Information supplied
=== Begin Enclosure ===

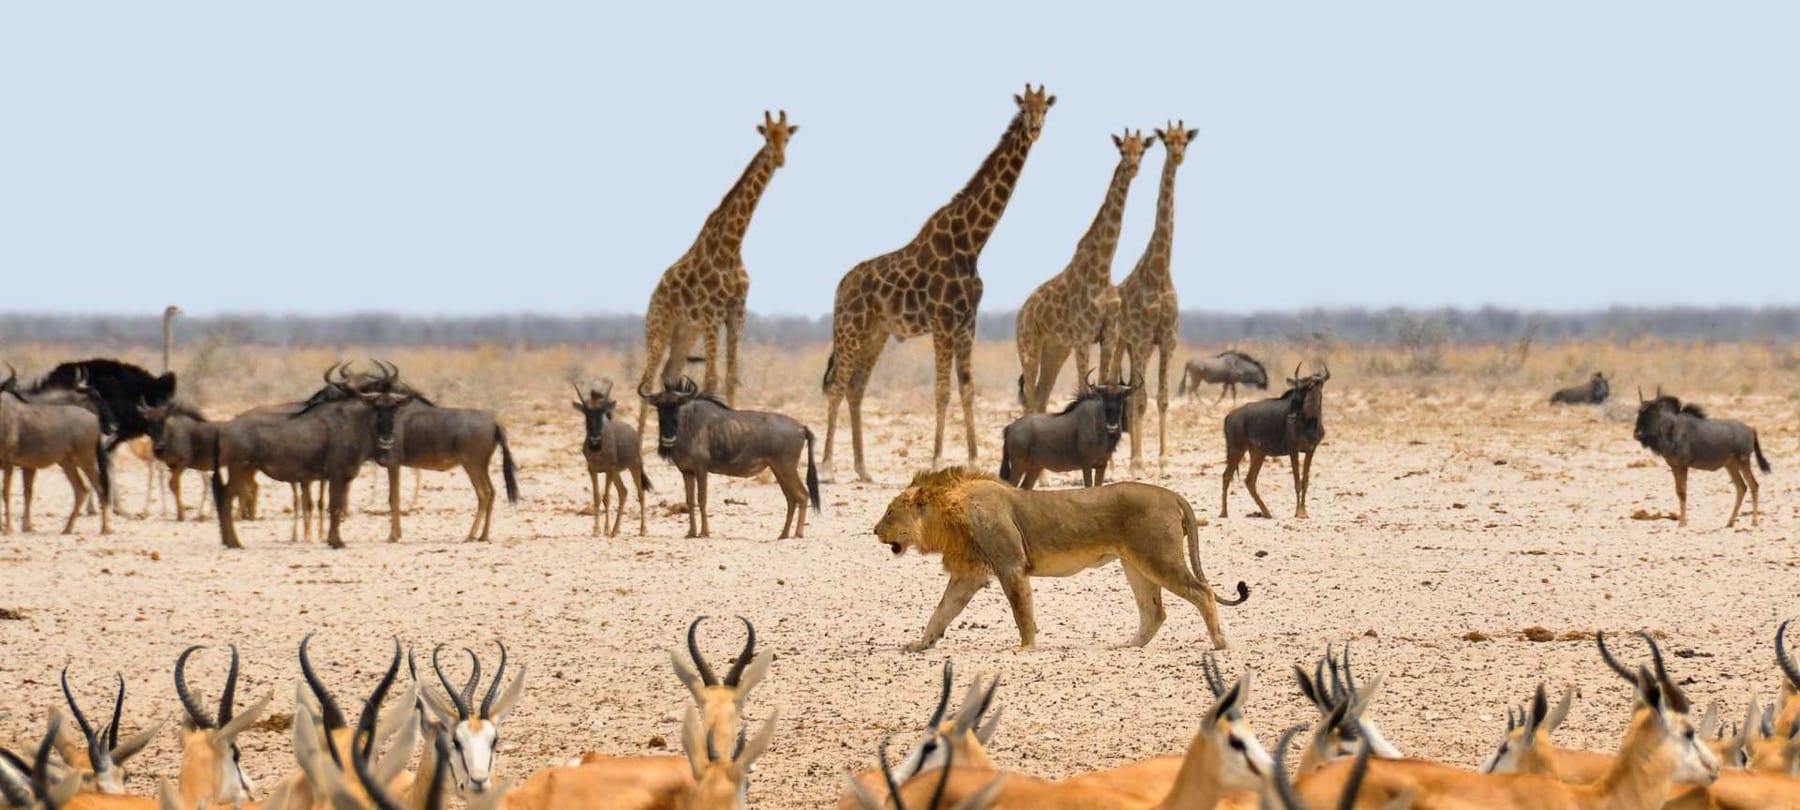 Resultado de imagen para Parque Nacional de Etosha,
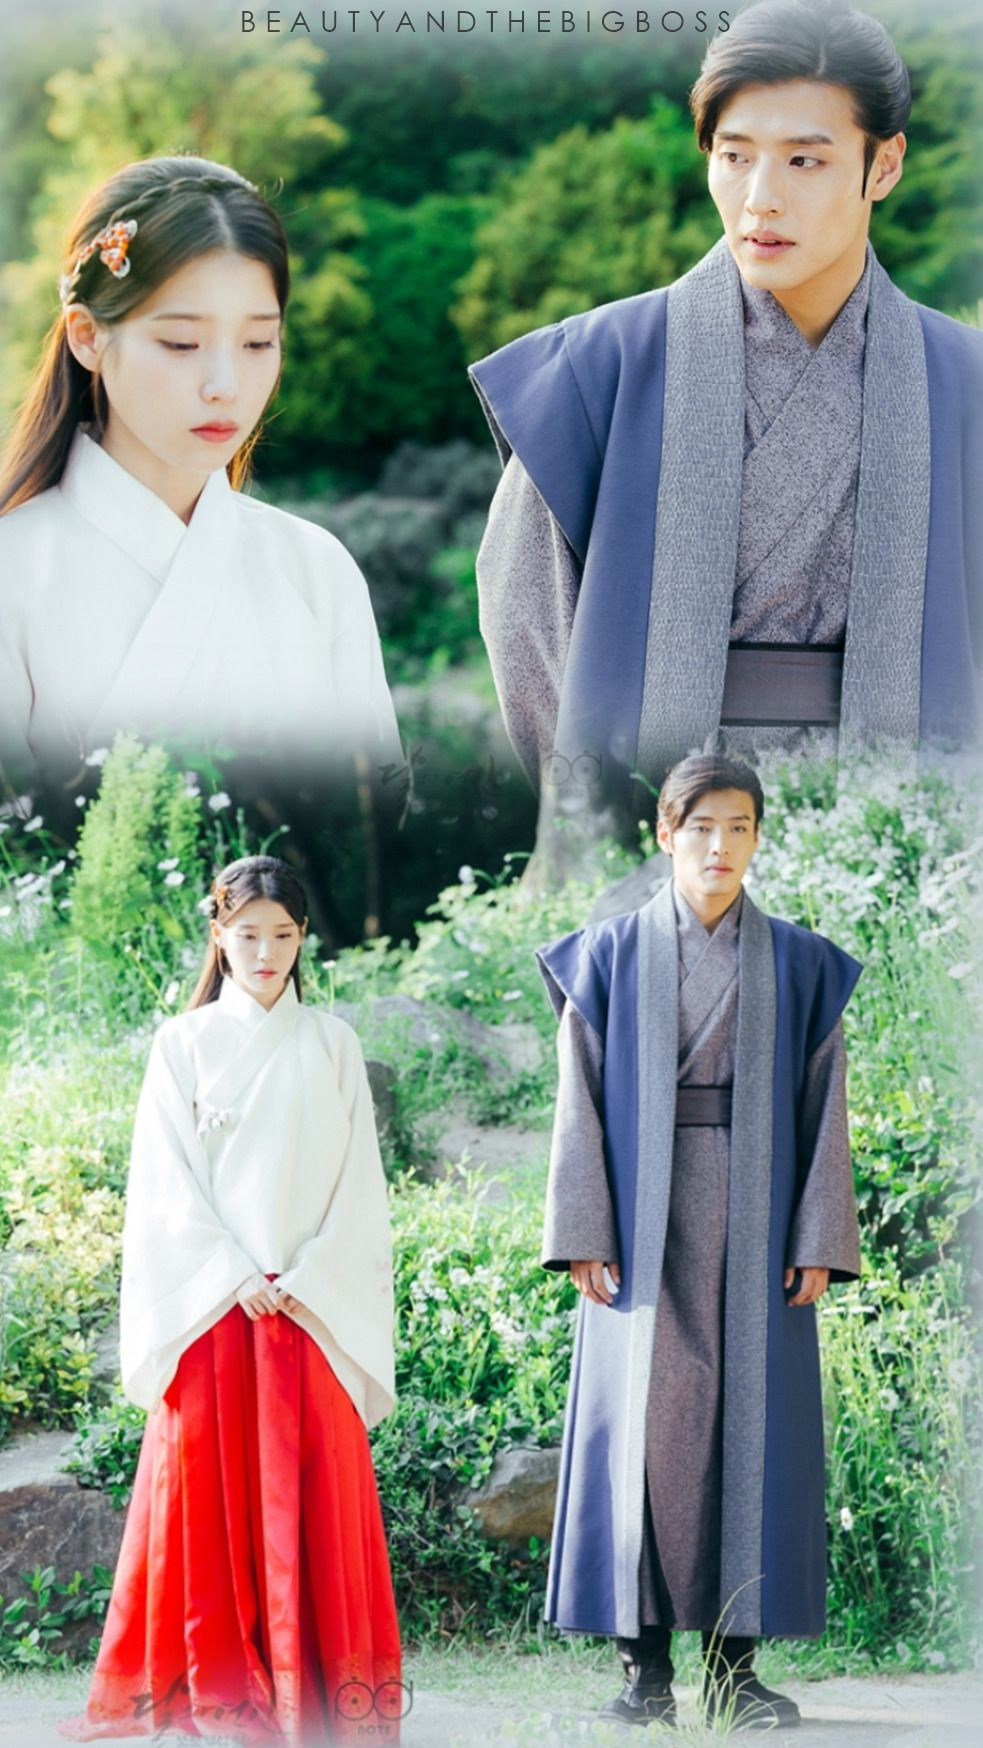 Scarlet heart ryeo-moon lovers IU/ kang ha neul / wallpapers
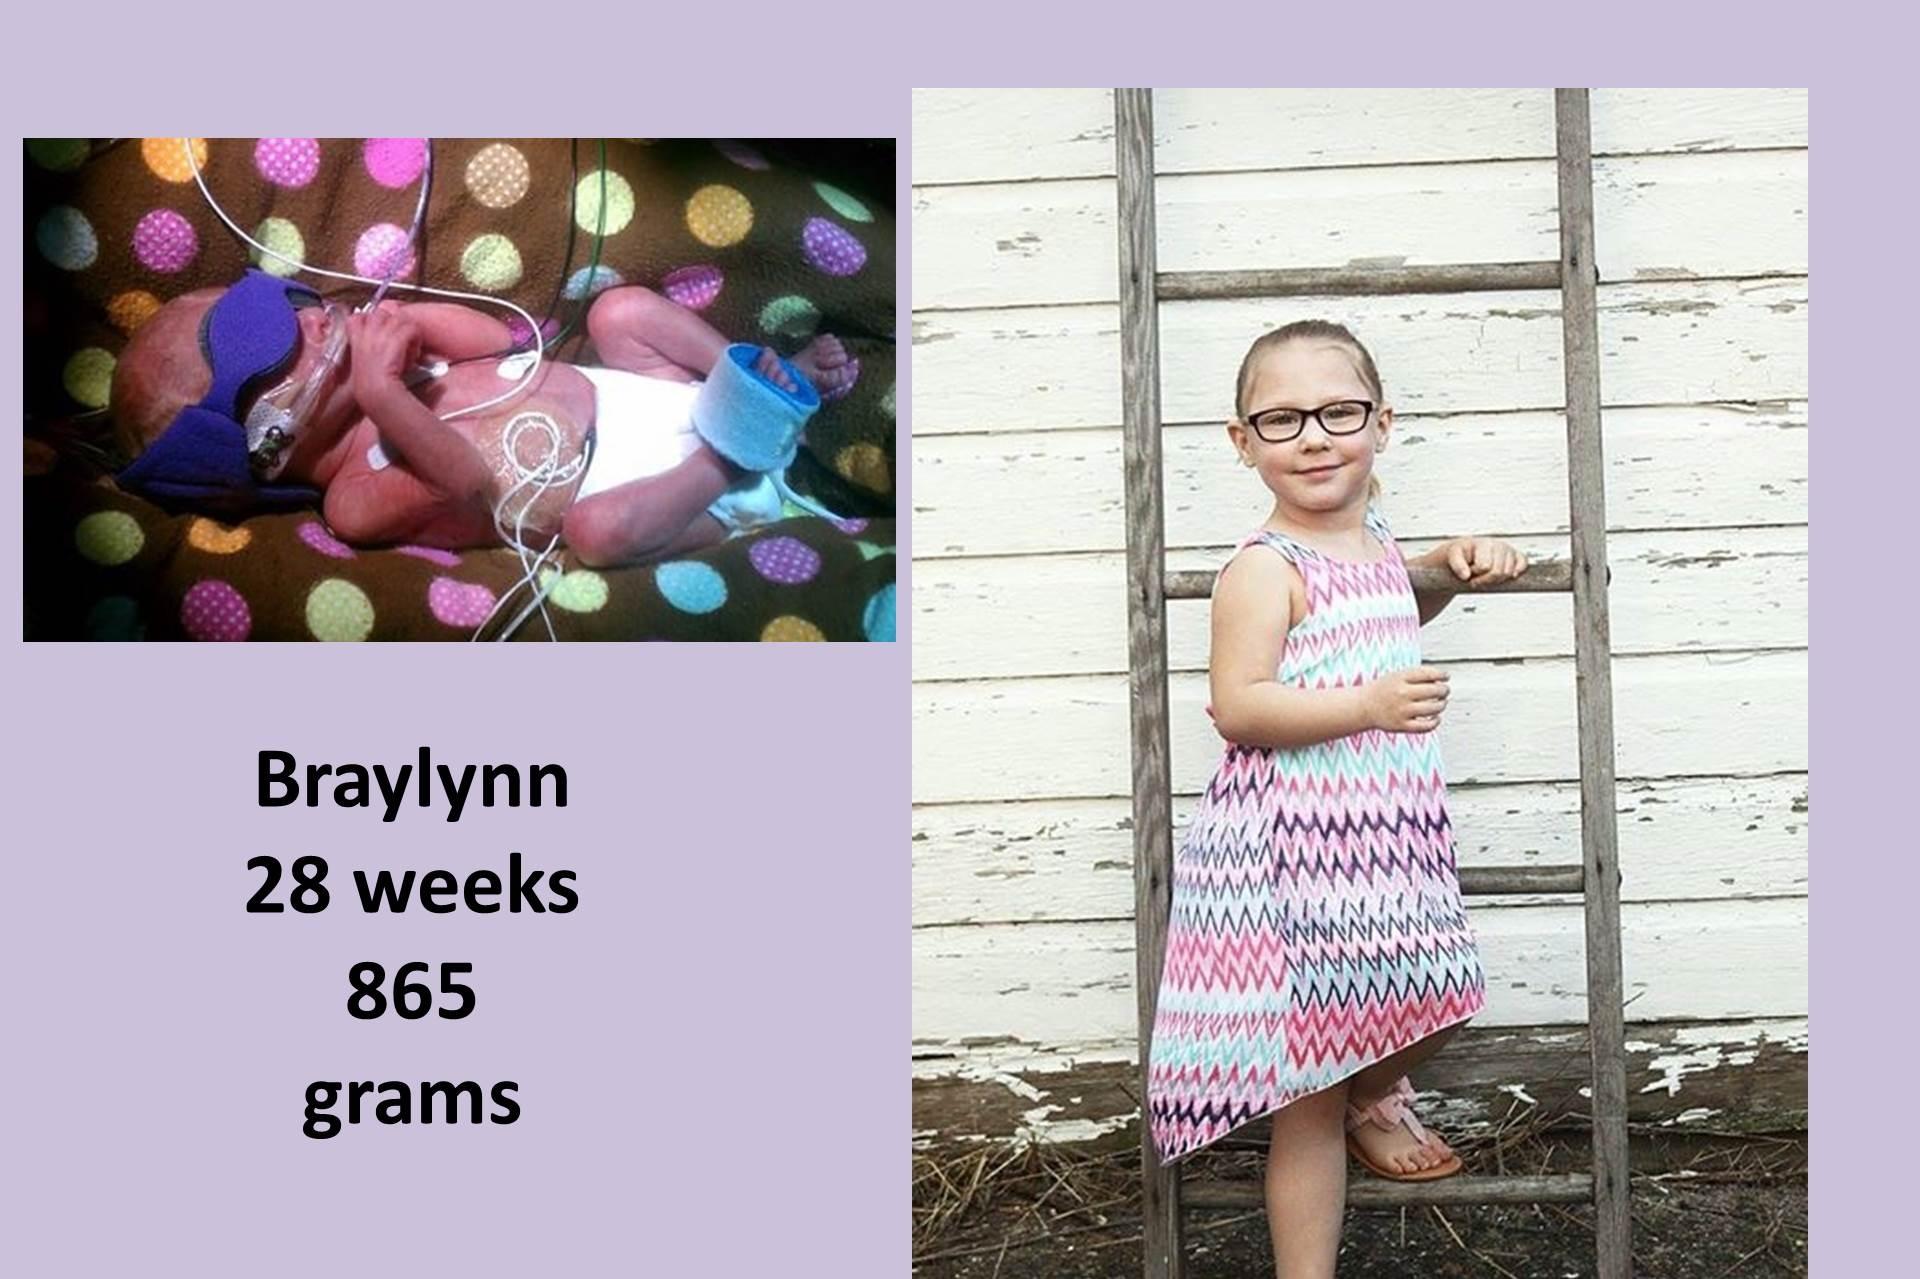 Hallway of Hope: Braylynn

=== End Enclosure ===

Instructions for the task
Keep every word of the material exactly as given. Drop the pictures.

Task answer
 Resultado de imagen para Parque Nacional de Etosha,
 Scarlet heart ryeo-moon lovers IU/ kang ha neul / wallpapers
 Hallway of Hope: Braylynn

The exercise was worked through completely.